X_train = X_train.values
X_test = X_test.values
y_train = y_train.values
y_test = y_test.values

In [56]:
train_data[COLLIST_FEATURE].columns.values
#['age', 'fare', 'embarked', 'sex', 'pclass']
#  0,        1,       2,       3,      4

array(['age', 'fare', 'embarked', 'sex', 'pclass'], dtype=object)

In [57]:
# We create the preprocessing pipelines for both numeric and categorical data.
numeric_features = [0, 1]
categorical_features = [2, 3, 4]

numeric_transformer = Pipeline(steps=[
    ('imputer', SimpleImputer(strategy='median')),
    ('scaler', StandardScaler())])


categorical_transformer = Pipeline(steps=[
    ('imputer', SimpleImputer(strategy='constant', fill_value='missing')),
    ('onehot', OneHotEncoder(handle_unknown='ignore'))])
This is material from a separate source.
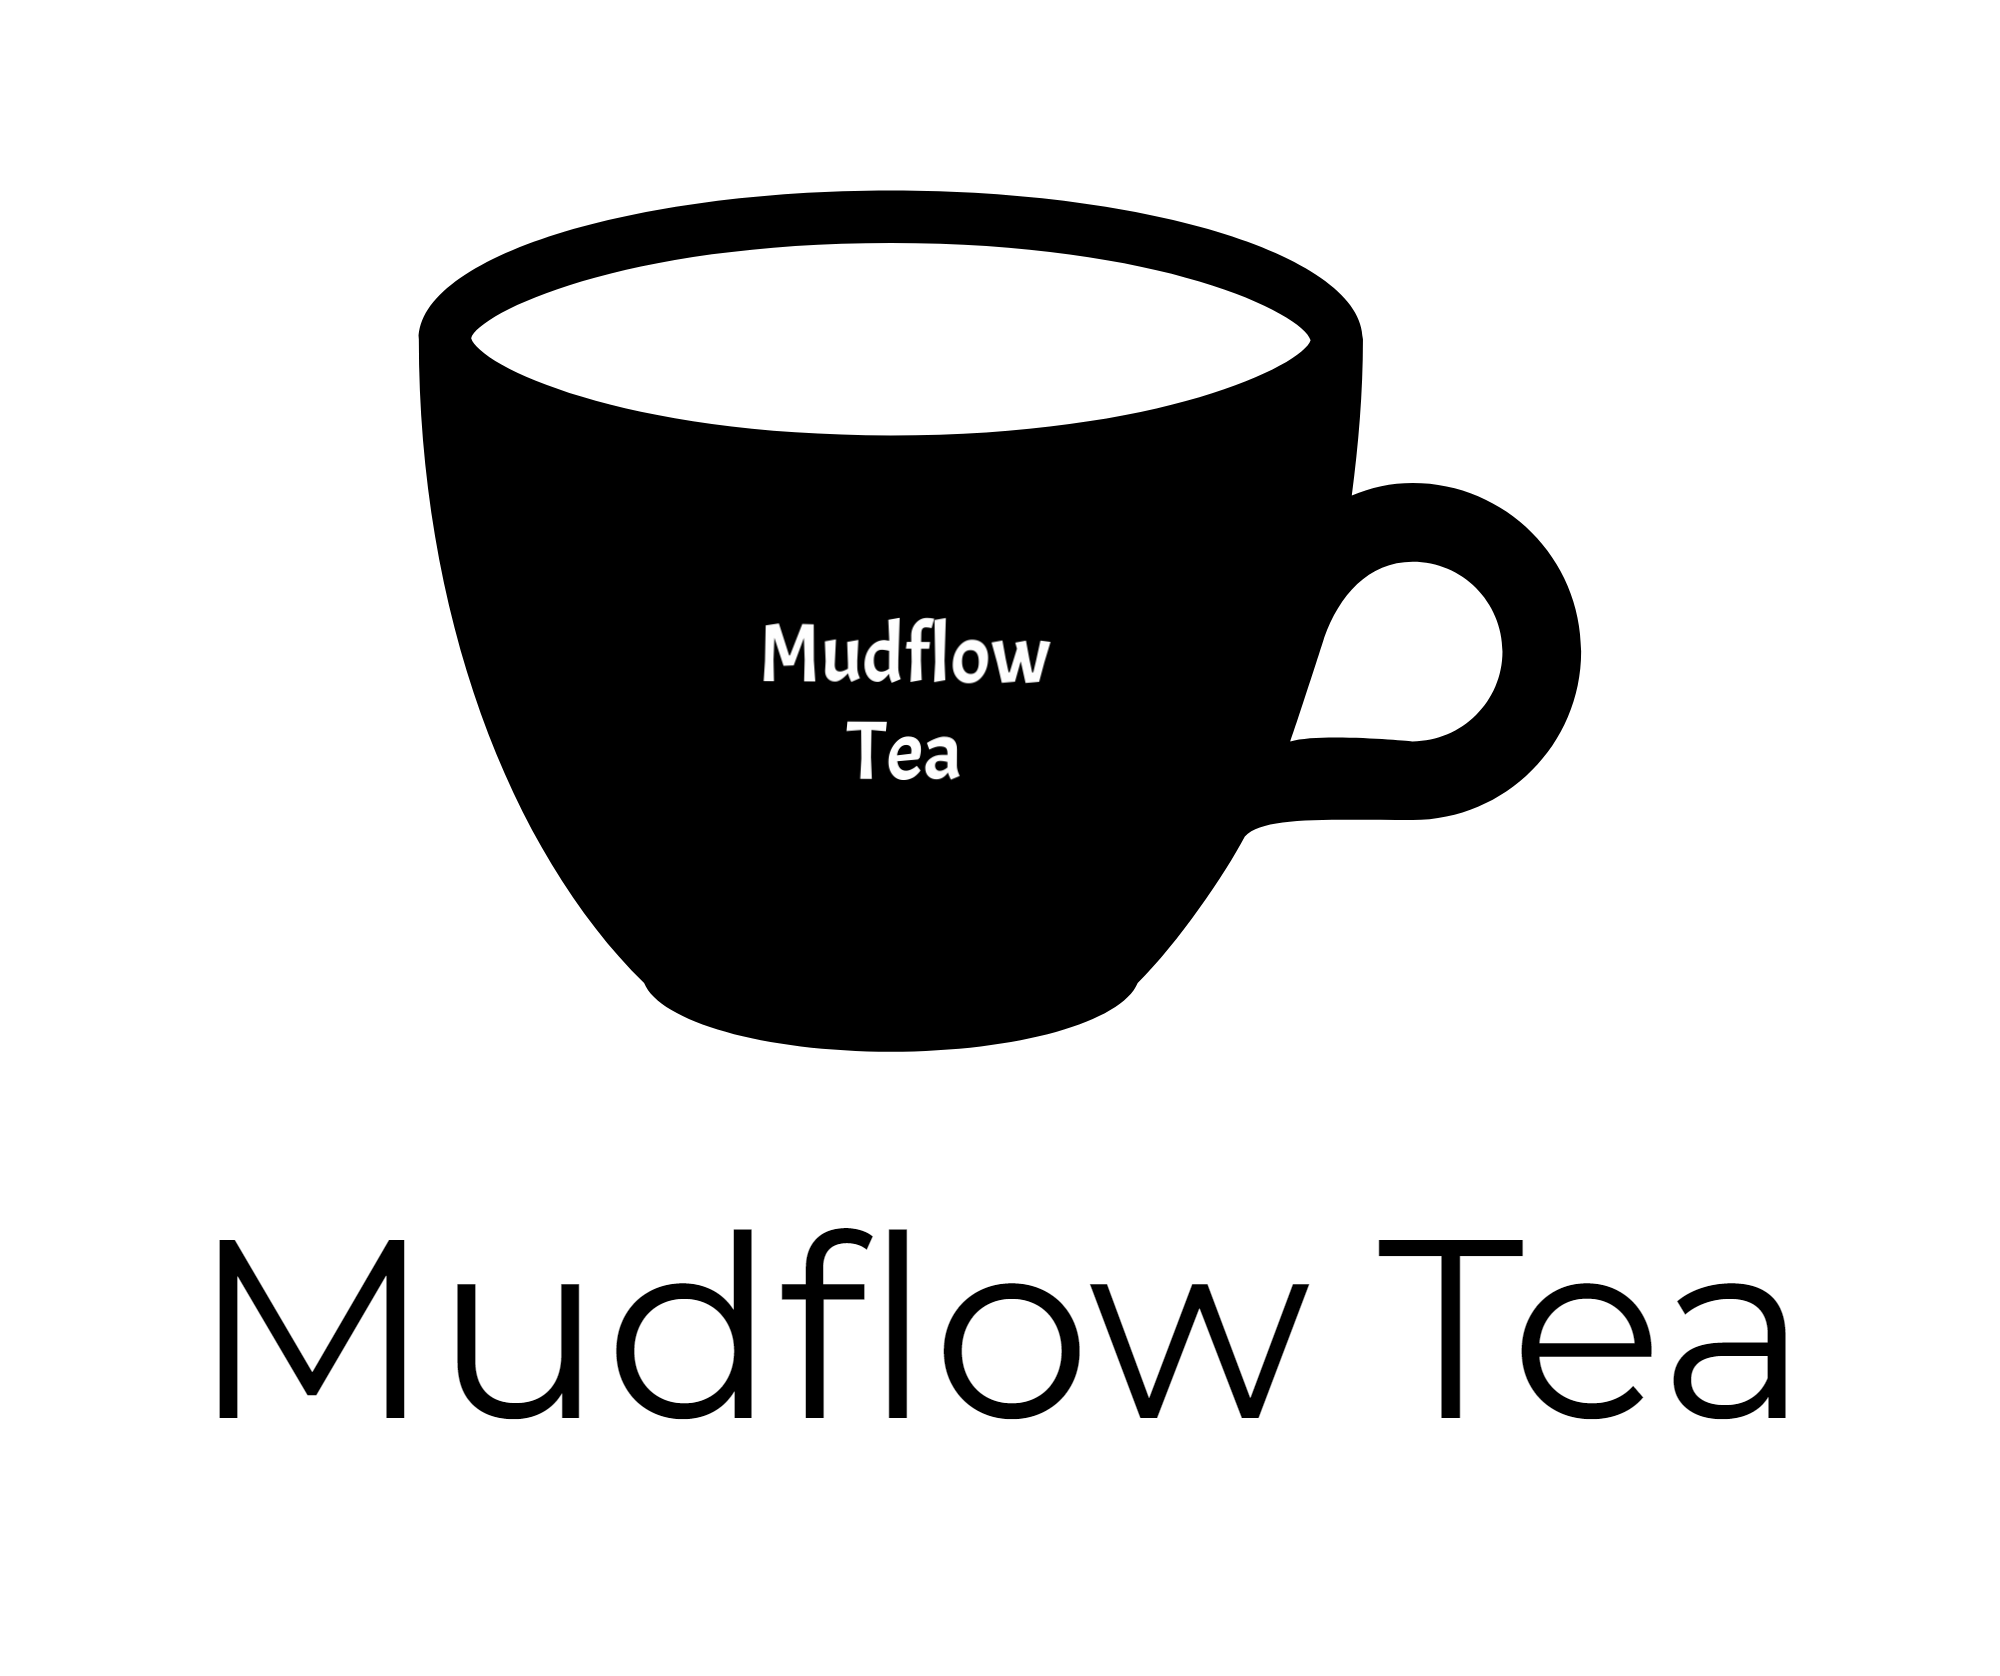 Mudflow

preprocessor = ColumnTransformer(
    transformers=[
        ('num', numeric_transformer, numeric_features),
        ('cat', categorical_transformer, categorical_features)])
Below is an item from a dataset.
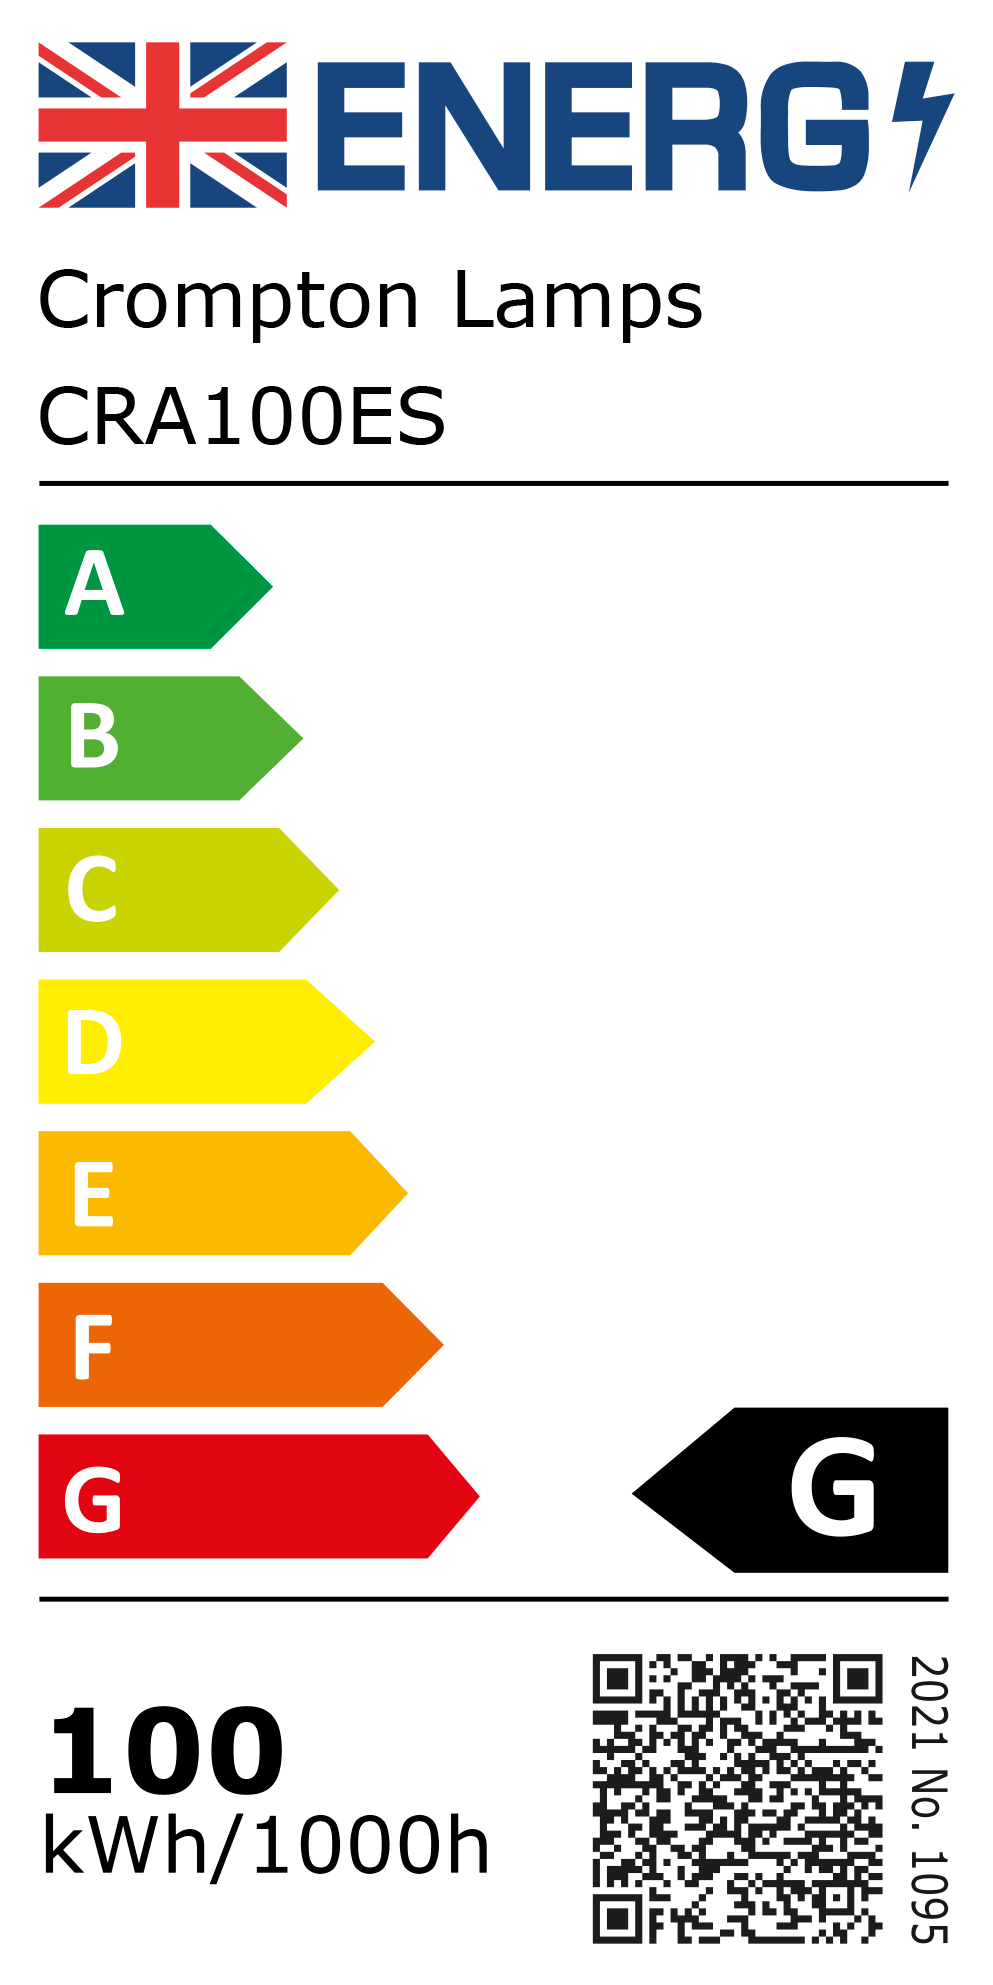 New 2021 Energy Rating Label: Stock Code CRA100ES

# Append classifier to preprocessing pipeline.
# Now we have a full prediction pipeline.
clf = Pipeline(steps=[('preprocessor', preprocessor),
                      ('classifier', LogisticRegression(solver='lbfgs'))])

clf

Pipeline(memory=None,
     steps=[('preprocessor', ColumnTransformer(n_jobs=None, remainder='drop', sparse_threshold=0.3,
         transformer_weights=None,
         transformers=[('num', Pipeline(memory=None,
     steps=[('imputer', SimpleImputer(copy=True, fill_value=None, missing_values=nan,
       strategy='median', verbo...enalty='l2', random_state=None, solver='lbfgs',
          tol=0.0001, verbose=0, warm_start=False))])

## model traning

In [22]:
clf.fit(X_train, y_train)
print("model score: %.3f" % clf.score(X_test, y_test))

model score: 0.799


In [25]:
payload = val_data[0:1].values.tolist()
pred = clf.predict(payload)

print("payload    : ", payload)
print("prediction : ", pred)

payload    :  [[8.0, 36.75, 'S', 'male', 2]]
prediction :  [0]


## model tuning

In [26]:
param_grid = {
    'preprocessor__num__imputer__strategy': ['mean', 'median'],
    'classifier__C': [0.1, 1.0, 10, 100],
}

grid_search = GridSearchCV(clf, param_grid, cv=10, iid=False)
grid_search.fit(X_train, y_train)

print(("best logistic regression from grid search: %.3f"
       % grid_search.score(X_test, y_test)))

best logistic regression from grid search: 0.799


In [27]:
model_main = grid_search.best_estimator_
model_main

Pipeline(memory=None,
     steps=[('preprocessor', ColumnTransformer(n_jobs=None, remainder='drop', sparse_threshold=0.3,
         transformer_weights=None,
         transformers=[('num', Pipeline(memory=None,
     steps=[('imputer', SimpleImputer(copy=True, fill_value=None, missing_values=nan, strategy='mean',
       verbose...enalty='l2', random_state=None, solver='lbfgs',
          tol=0.0001, verbose=0, warm_start=False))])

In [28]:
#model_main.predict(X_train)

## persist the model

In [29]:
import joblib

In [30]:
joblib.dump(model_main, 'sklearn_clf_pipeline_titanic_v1.pkl')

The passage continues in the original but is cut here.